If we actually mean it: where the public money goes

If the bet is real and we want to win it, the binding constraint isn't chips. It's power. A company can build a data center in one to two years, but getting it connected to the power grid takes 4 to 8 years with operators ensuring wires and transformers can handle the load. Buying more chips doesn't solve this.

And the demand for electricity is enormous. Data centers use about 4% of US electricity today, and newer estimates put that at 9 to 17% by 2030. Where the clusters land, the cost doesn't stay local. Demand from data centers helped push the mid-Atlantic grid's 2025-2026 capacity auction up by more than $9 billion, a bill that gets spread across every customer in the 13 states it covers, whether or not you live anywhere near a server.

So the public money shouldn't chase the circular deals. It should build the thing we need anyway: clean generation (solar, wind, nuclear), storage to run it around the clock, transmission to move it, and the permitting reform to connect all three. Solar, wind, and batteries are the fastest, cheapest capacity to add. Nuclear and geothermal supply the firm, around-the-clock power these sites demand. The DOE itself frames the surge as a once-in-a-generation chance to build clean power.

And it's buildable. China added more than 430 GW of wind and solar in 2025 alone, with close to thirty nuclear reactors under construction, and is on track to add several times more generation capacity than the US this decade. France runs its AI ambitions on a grid that's roughly 70% nuclear.

Which makes US policy decisions look less like caution than like self-sabotage: halting offshore wind, tariffing solar, and watching projected renewable growth fall by half.

The arrangement we should reject is the one that works backwards, where the public absorbs the losses, private investors keep the gains, and the government only steps in to clean up the failure.

If the public is already carrying the risk, it should get something for it: a stake in what it underwrites, ownership of the durable infrastructure it pays for, not just the bill when it breaks. The government took equity in the banks it bailed out in 2008, and public power authorities have owned the grid for a century. The precedent cuts the other way too: Fannie and Freddie were treated as privately held right up until their obligations turned out to have been economically public, and taxpayers absorbed more than $200 billion.

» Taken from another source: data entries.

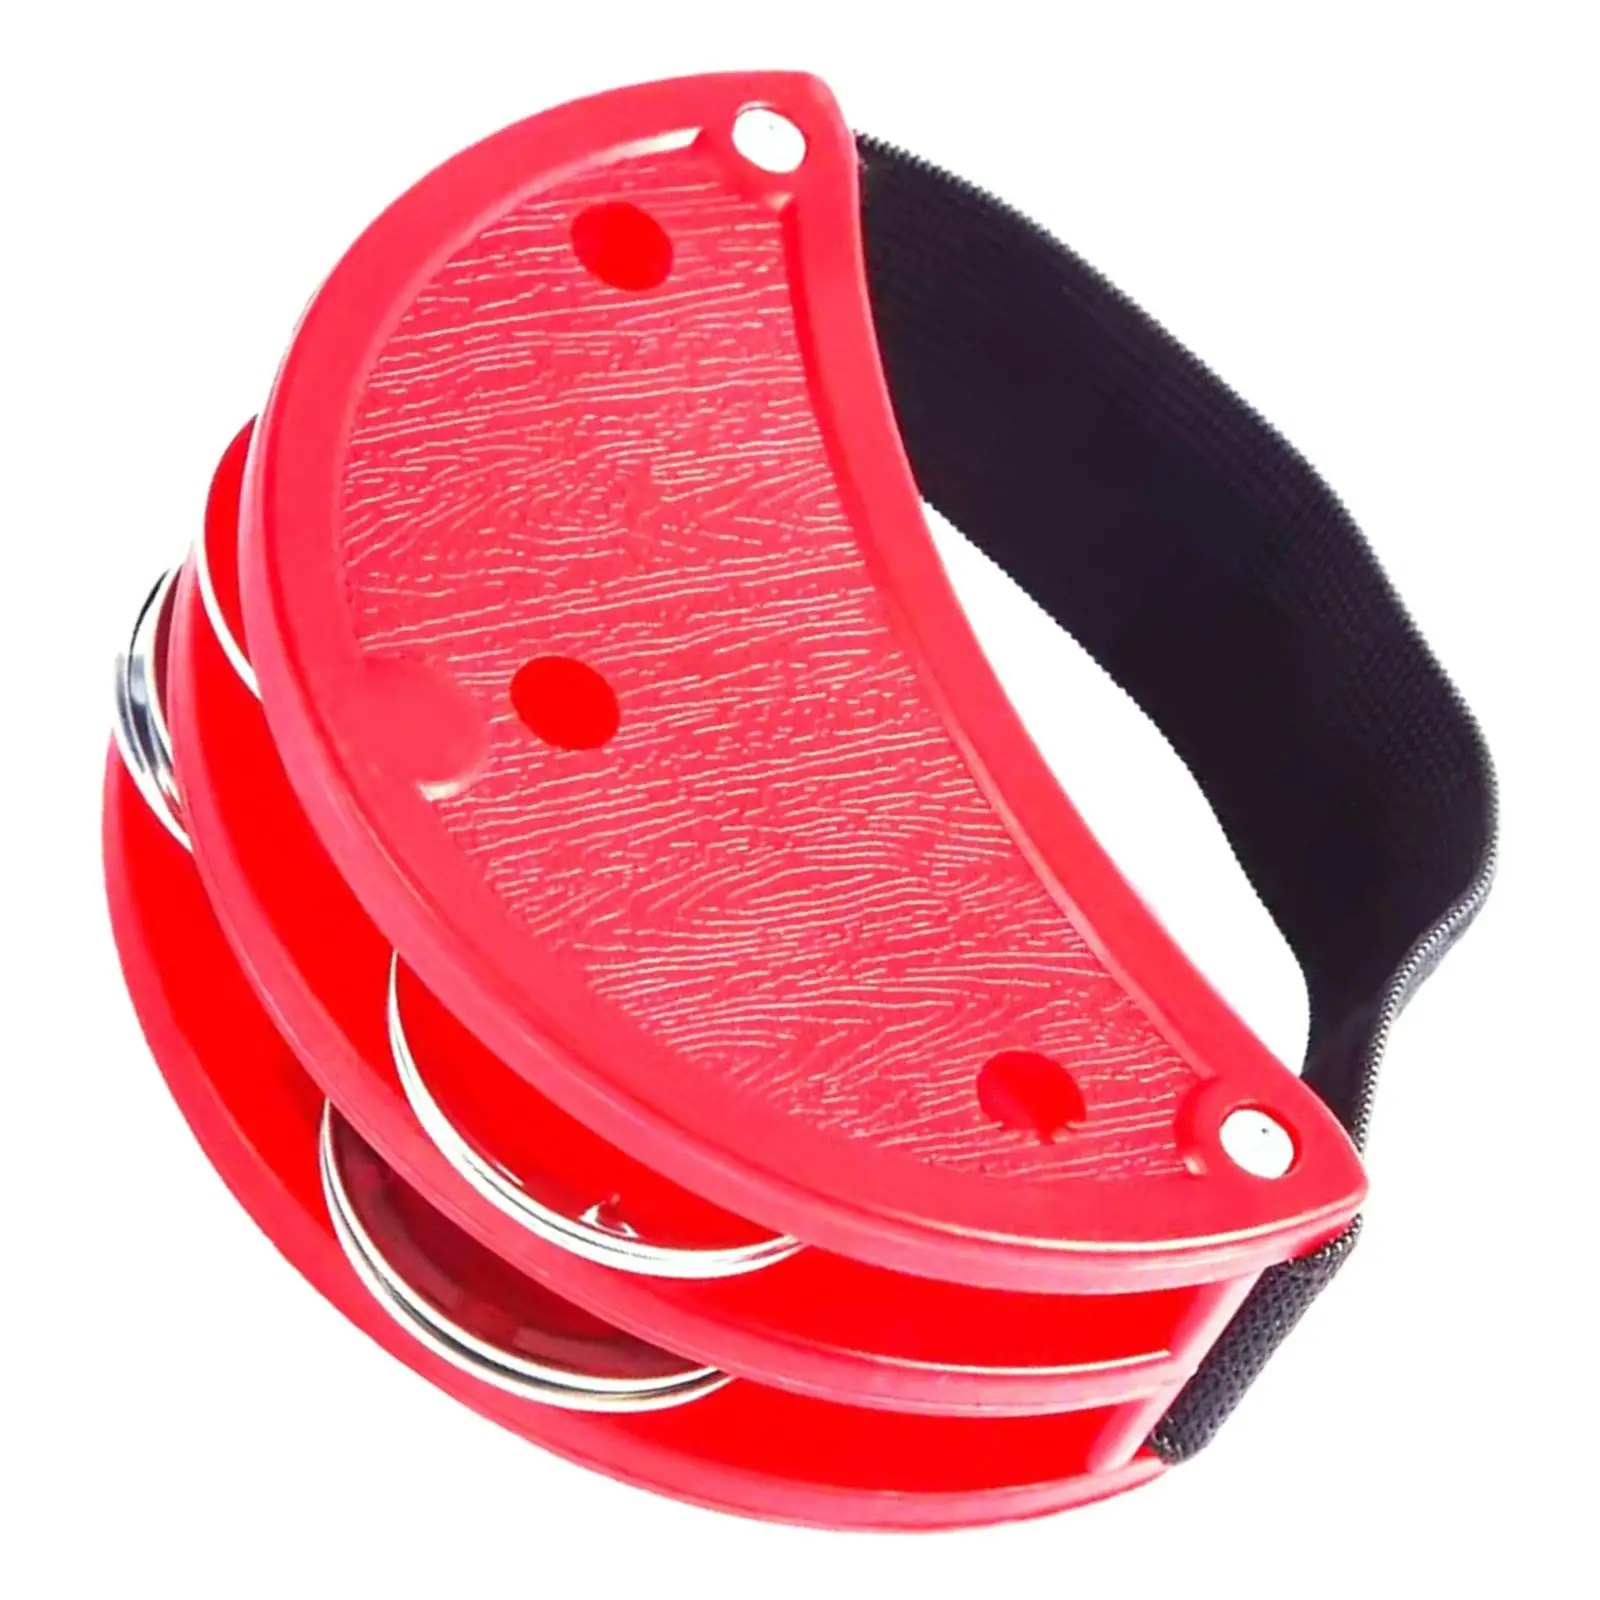 Foot Tambourine with Metal Bell Percussion Instruments for Parties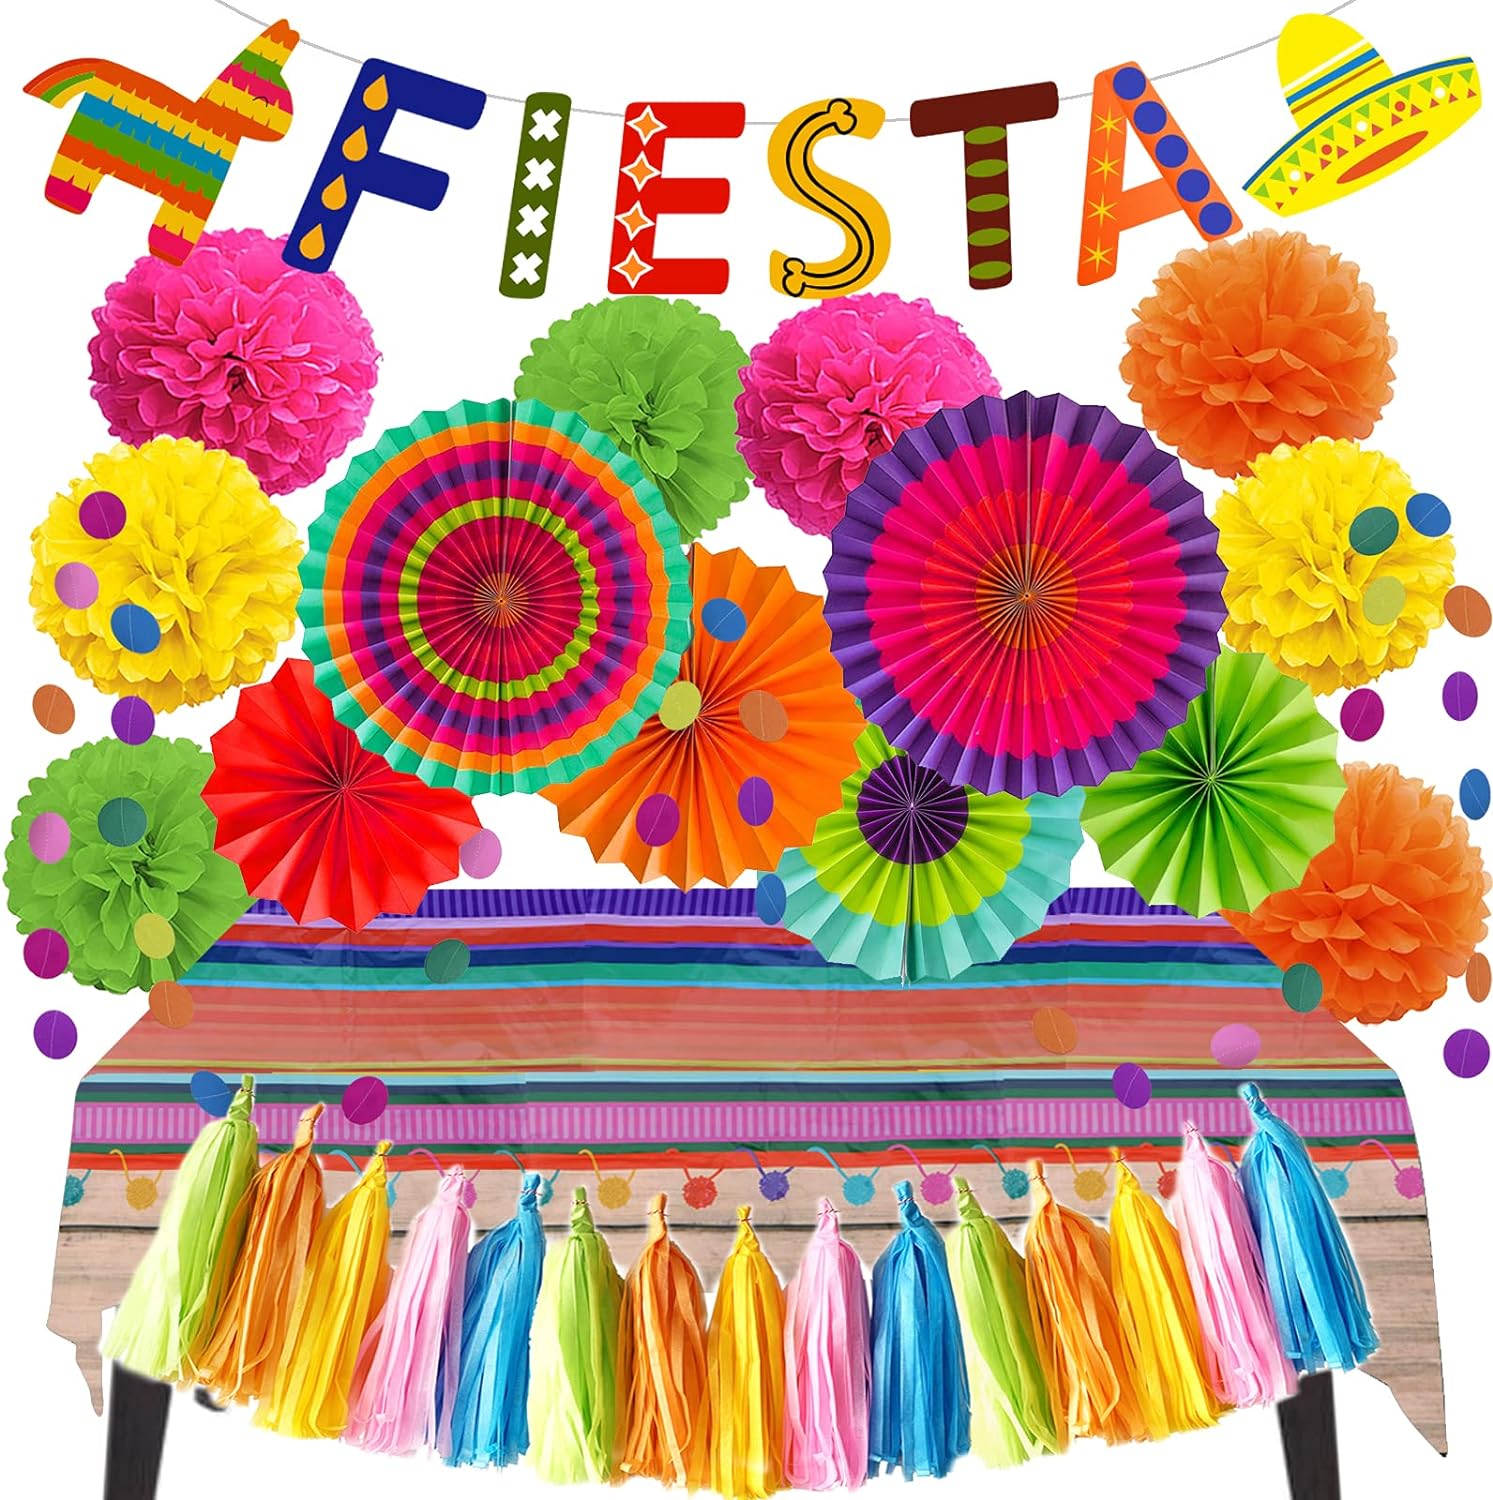 ZERODECO Fiesta Party Decorations, Multicolor Fiesta Banner Paper Fans Pompoms Tissue Paper Tassel Tablecloth Garlands String for Fiesta Mexican Theme Cinco De Mayo Coco Carnivals Festivals Party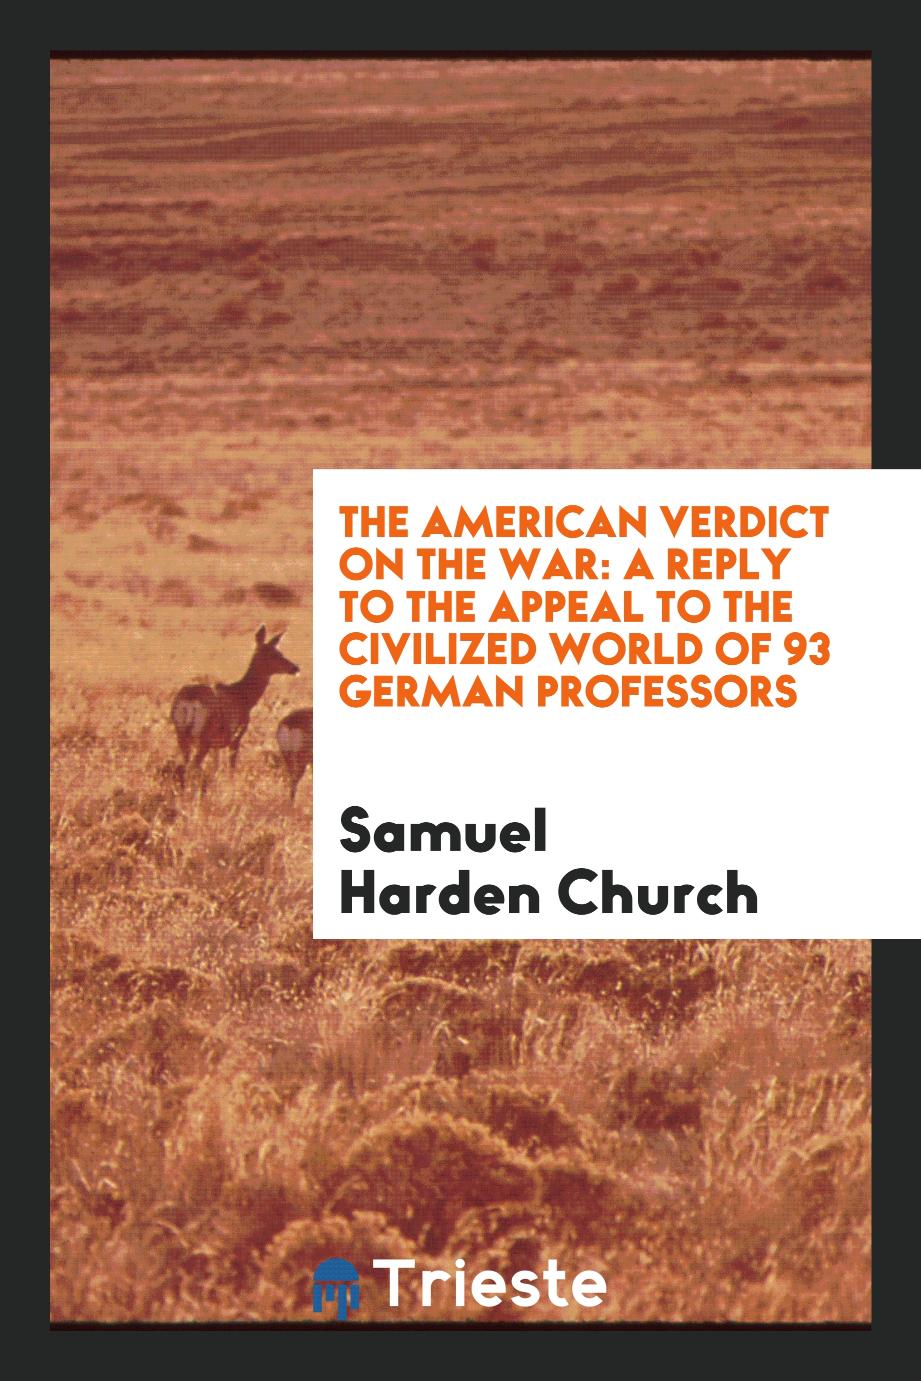 The American Verdict on the War: A Reply to the Appeal to the Civilized world of 93 german professors

One test for any AI policy that calls itself ambitious: is it building the grid, or backstopping the lap?

So... whose hundred marbles are these?

Trace it back and the money behind Blue Owl, PIMCO, and the rest comes from insurance companies, pension funds, and sovereign funds. Which is to say: the retirement account of someone who has never heard the word "neocloud," the index fund sitting under a regular person's future, the premiums on a life-insurance policy bought to assist families. And you can't easily trace the money, because a chunk of this debt is built, on purpose, to stay off the filings.

When a circular bet built on unproven returns and somebody-else's-problem debt finally settles up, it doesn't settle on the kid who took the fees to enter the game. He went home. It settles on whoever's marbles were in the fund. People who never got a vote and were told the whole time that this was safe and not their concern.